• _What to do_:
Each line between the one holding "Apollo 13 Lunar service module" and the end of the material below, both included, is to be transcribed word for word, with pictures left out.

• _Data_:
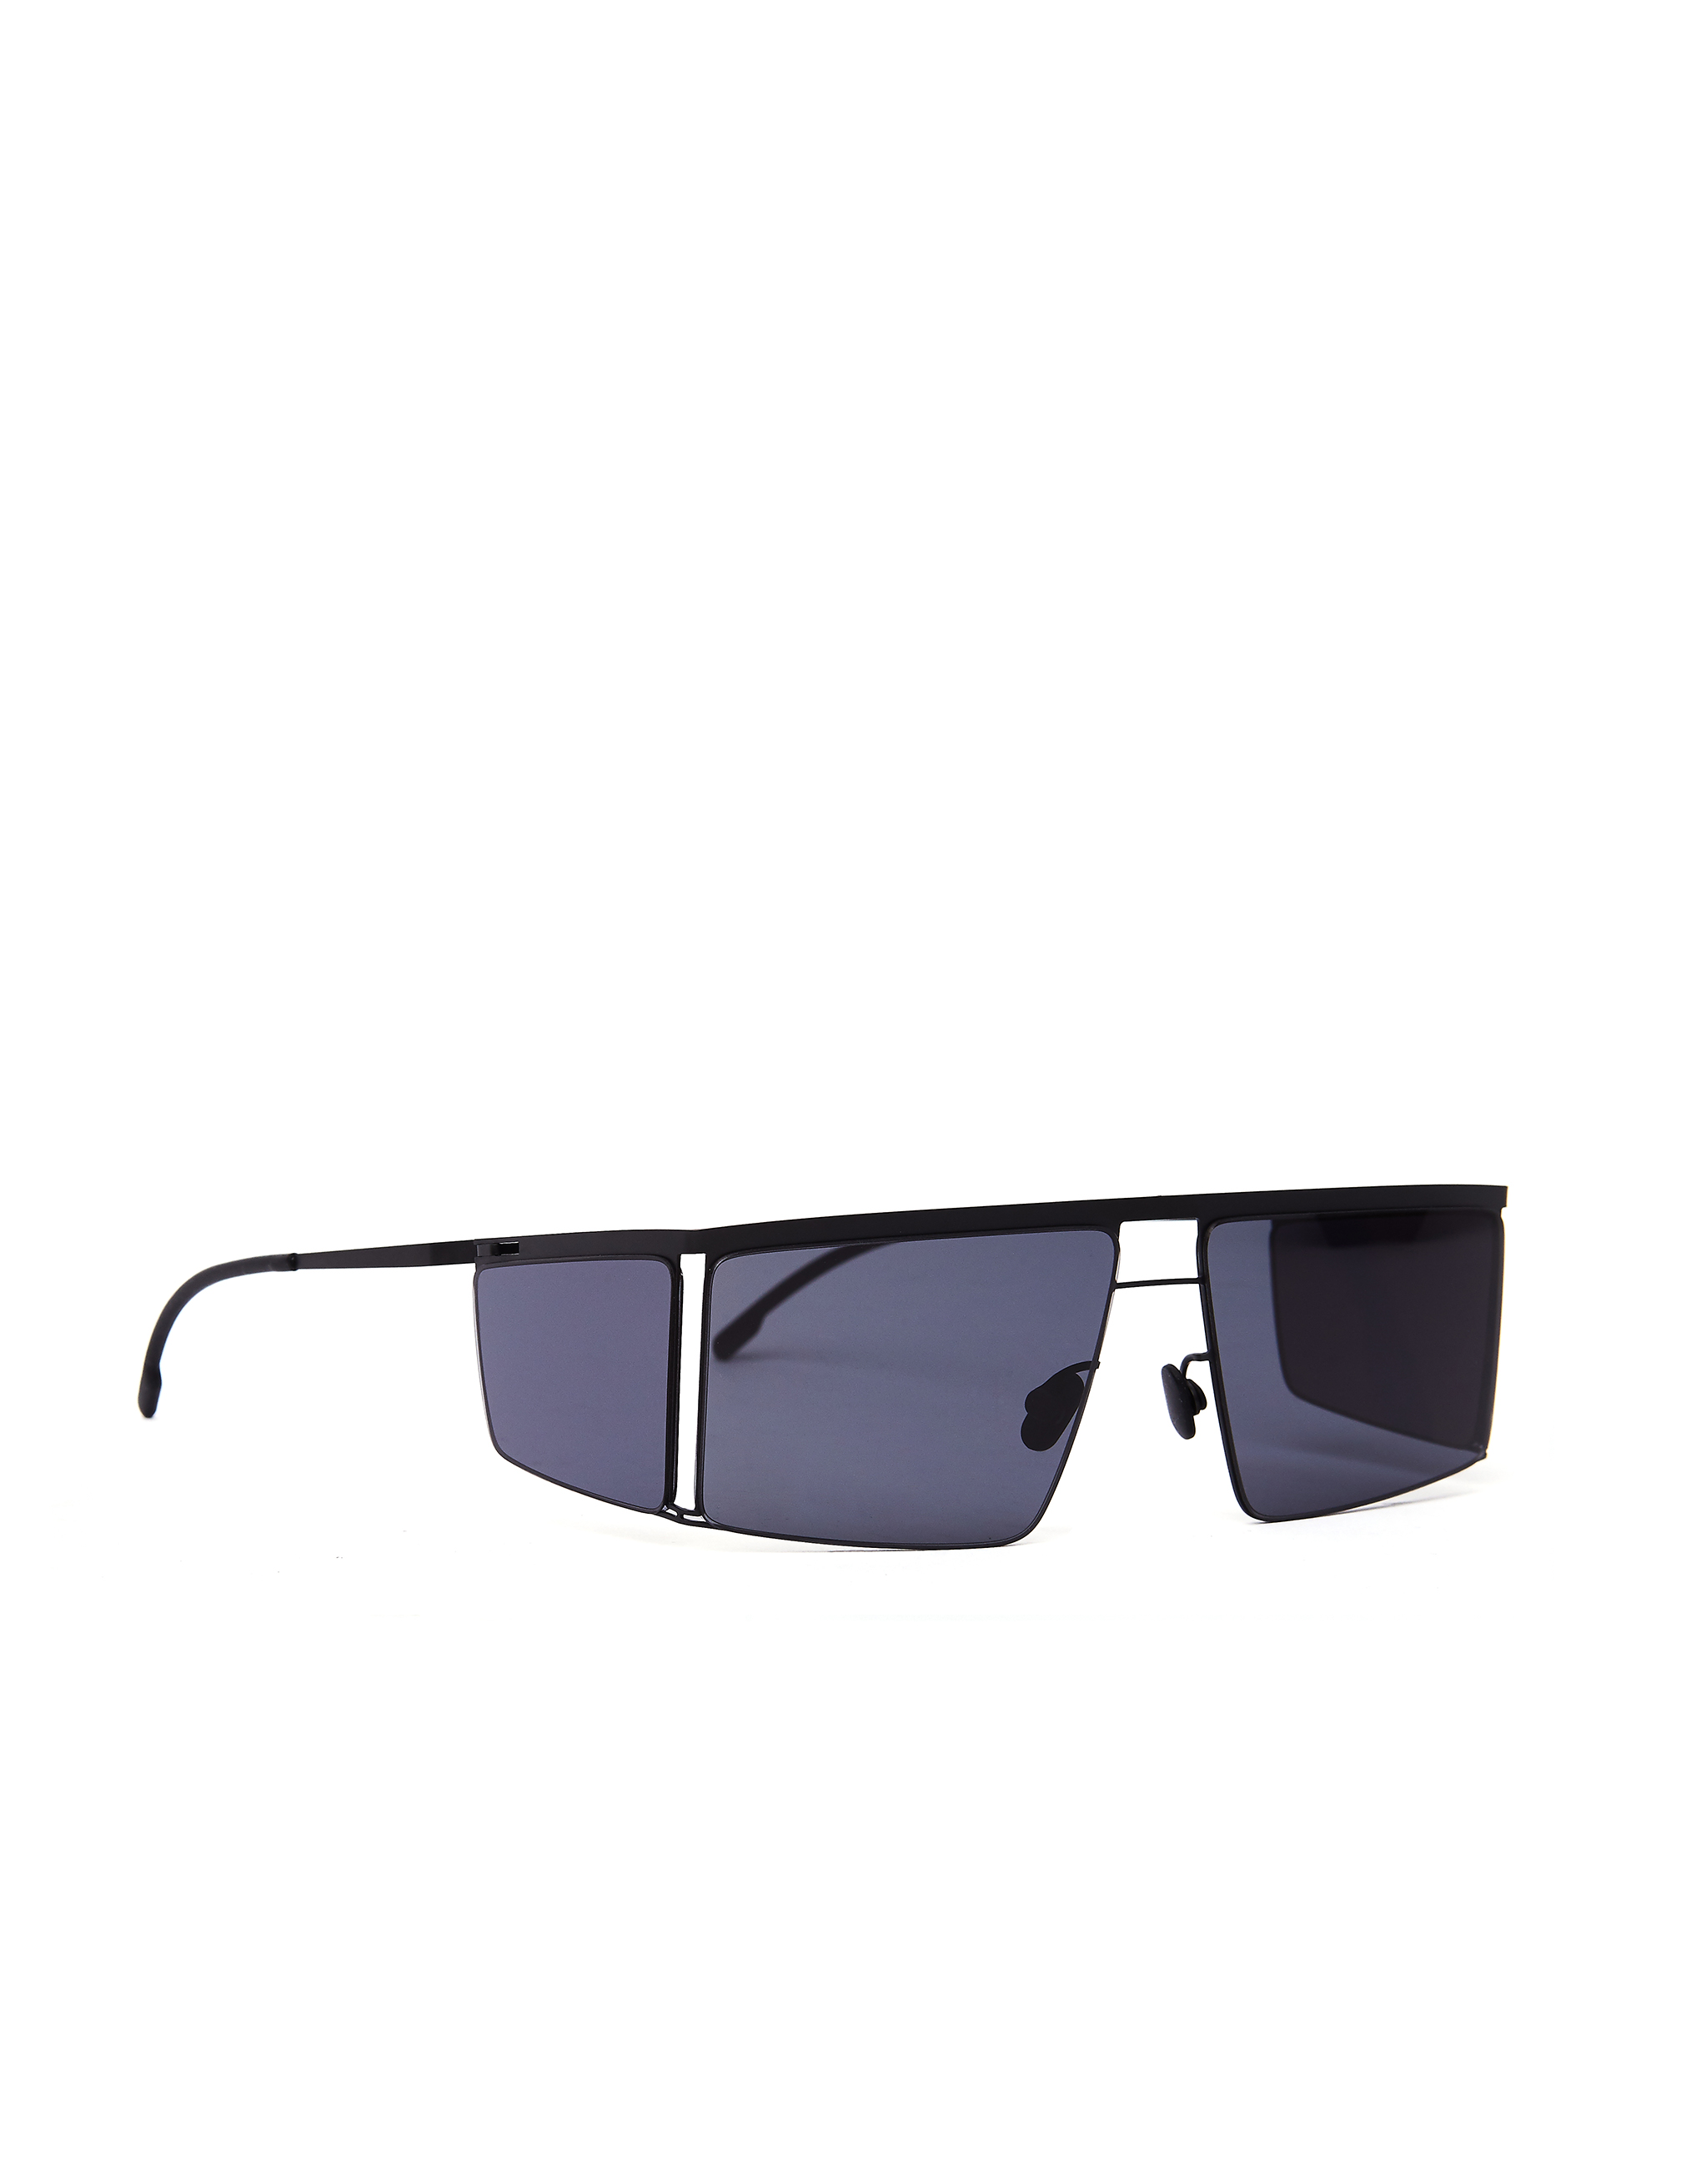 Черные очки Mykita & Helmut Lang Mykita HL001/darkgrey, размер One Size
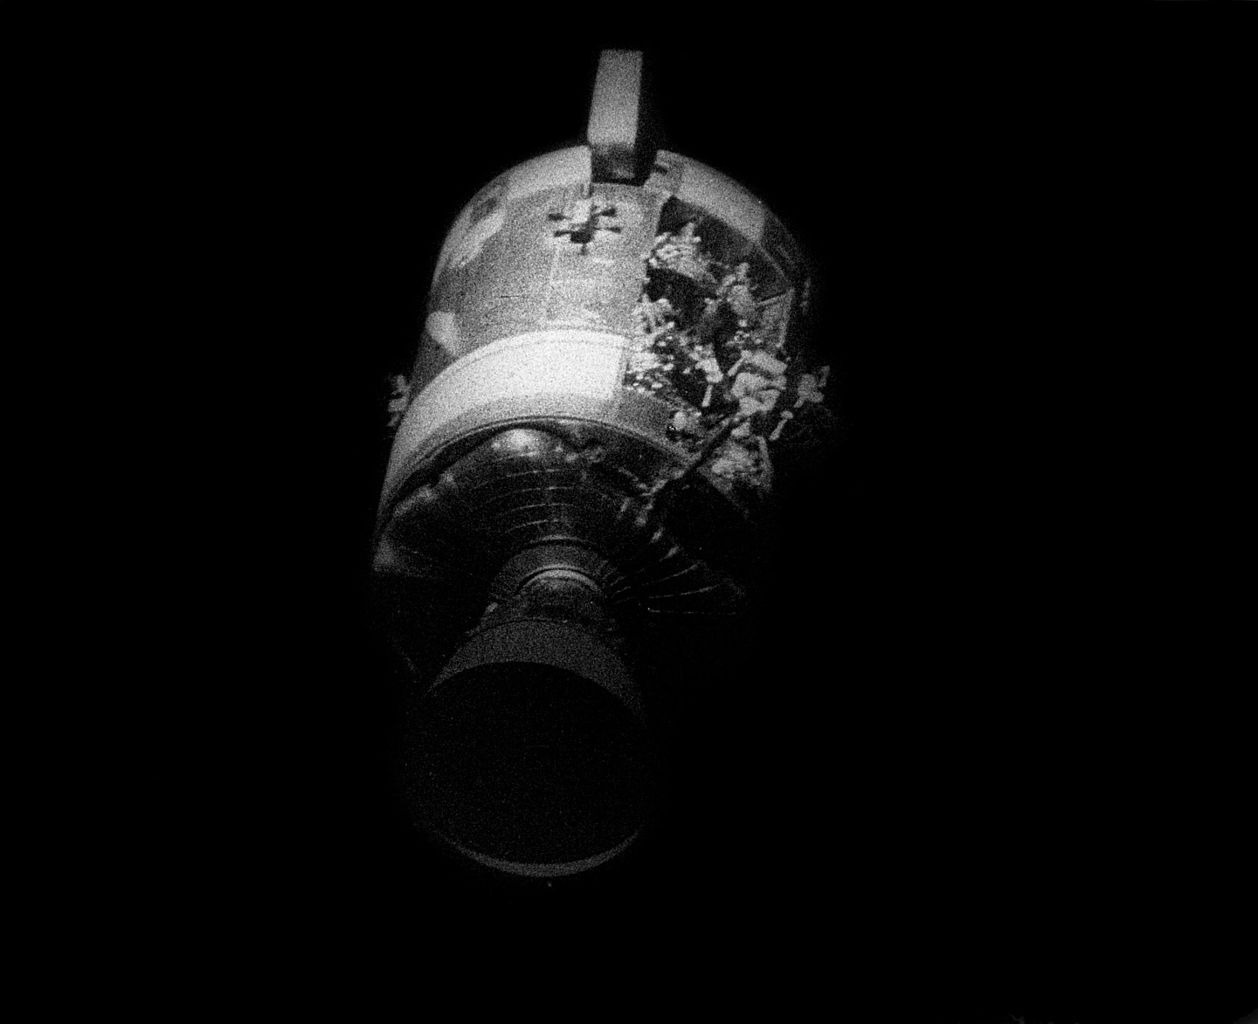 Apollo 13 Lunar service module
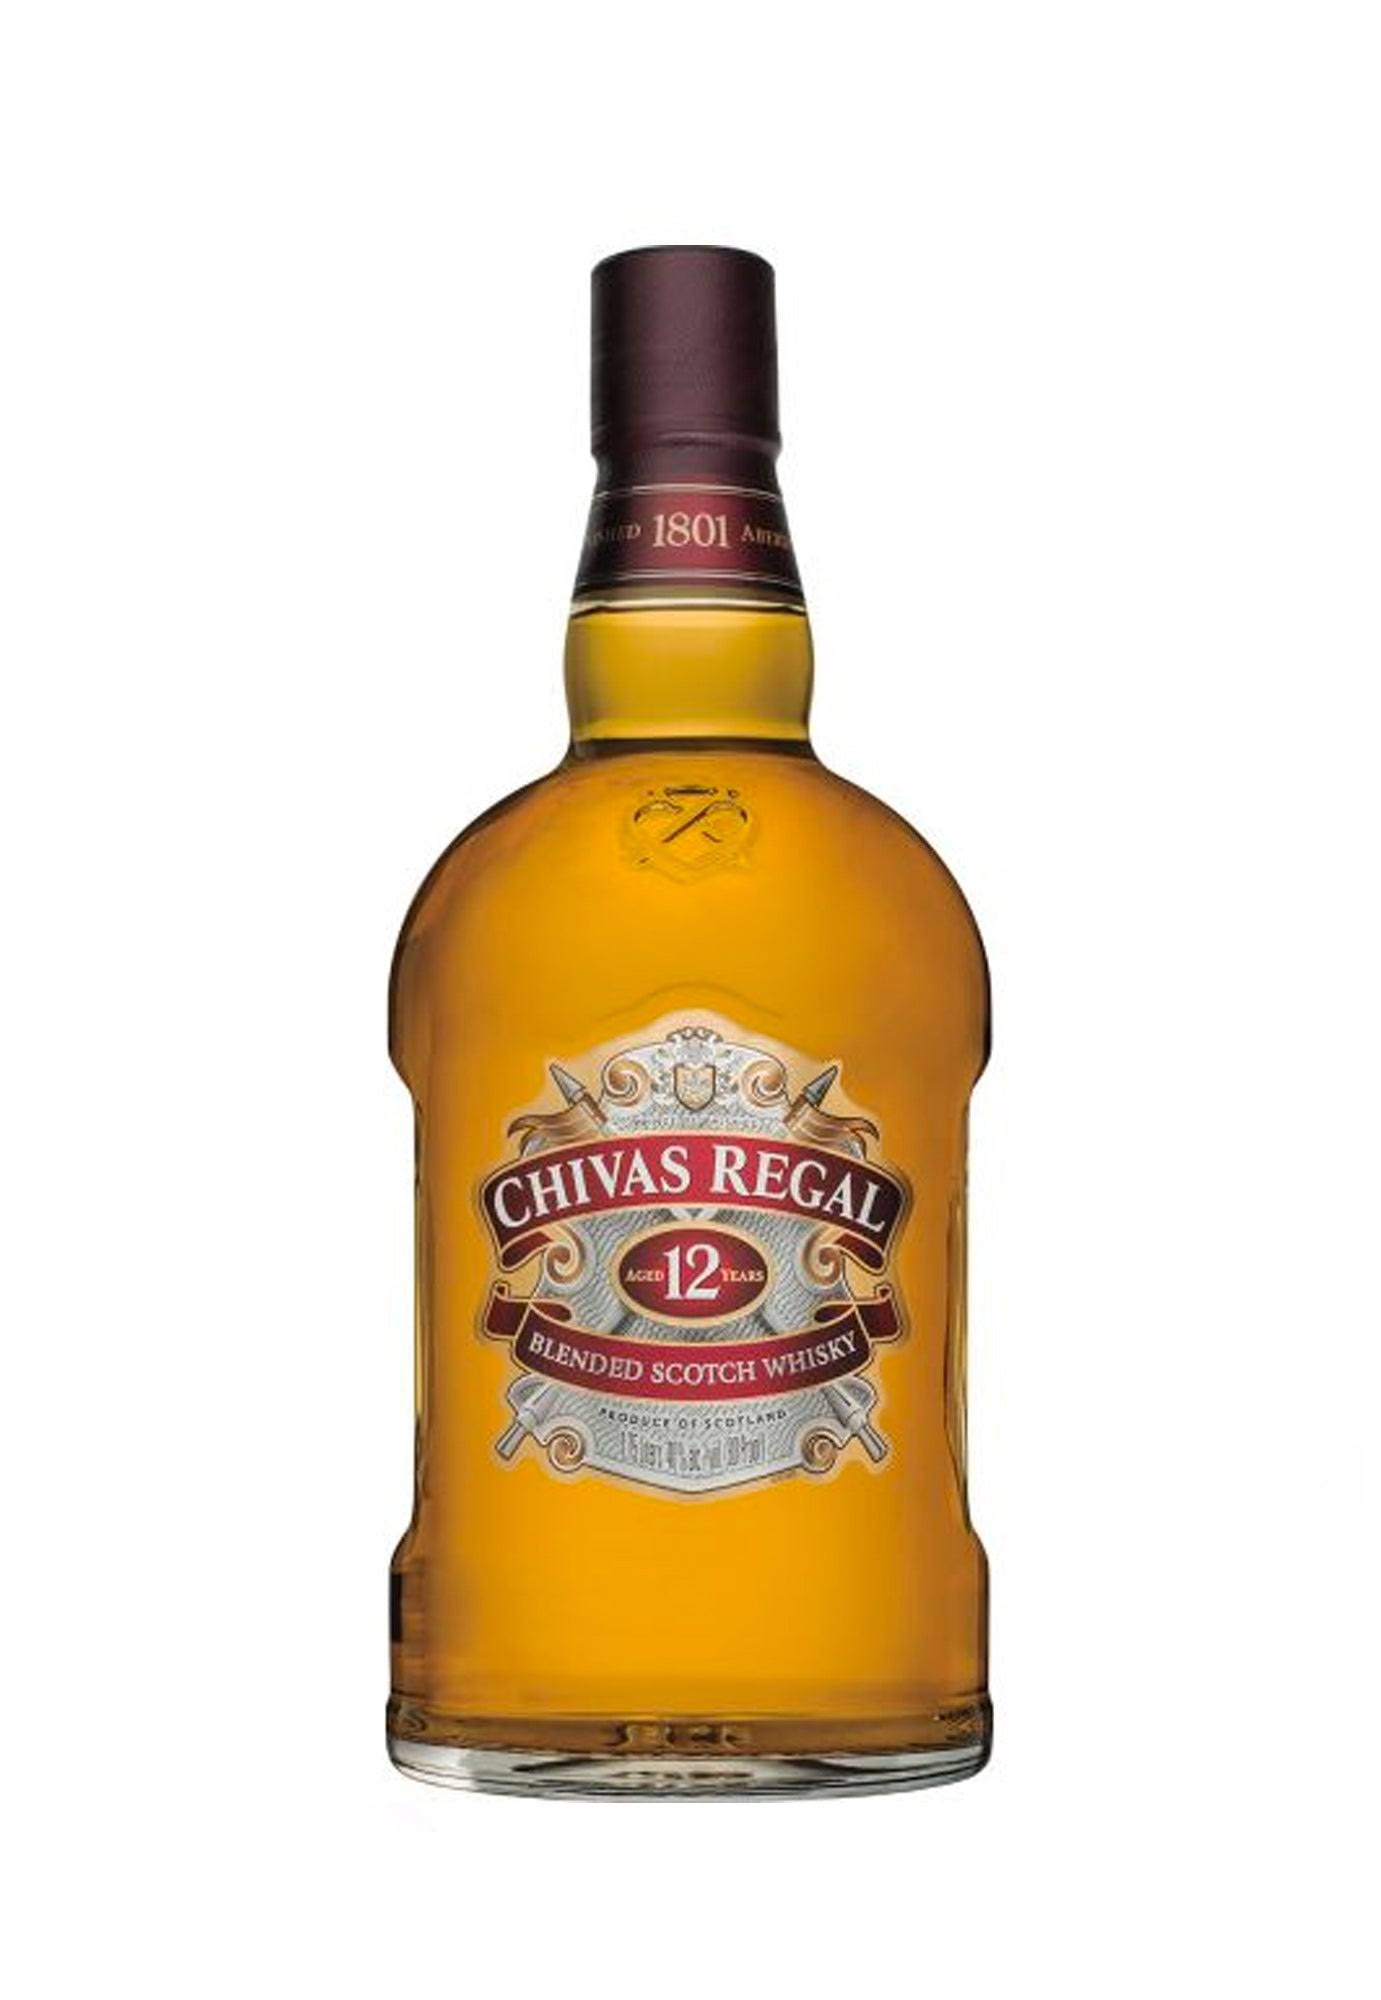 Chivas Regal Premium Blended Scotch Whisky

• _Response for this exercise_:
 Apollo 13 Lunar service module
 Chivas Regal Premium Blended Scotch Whisky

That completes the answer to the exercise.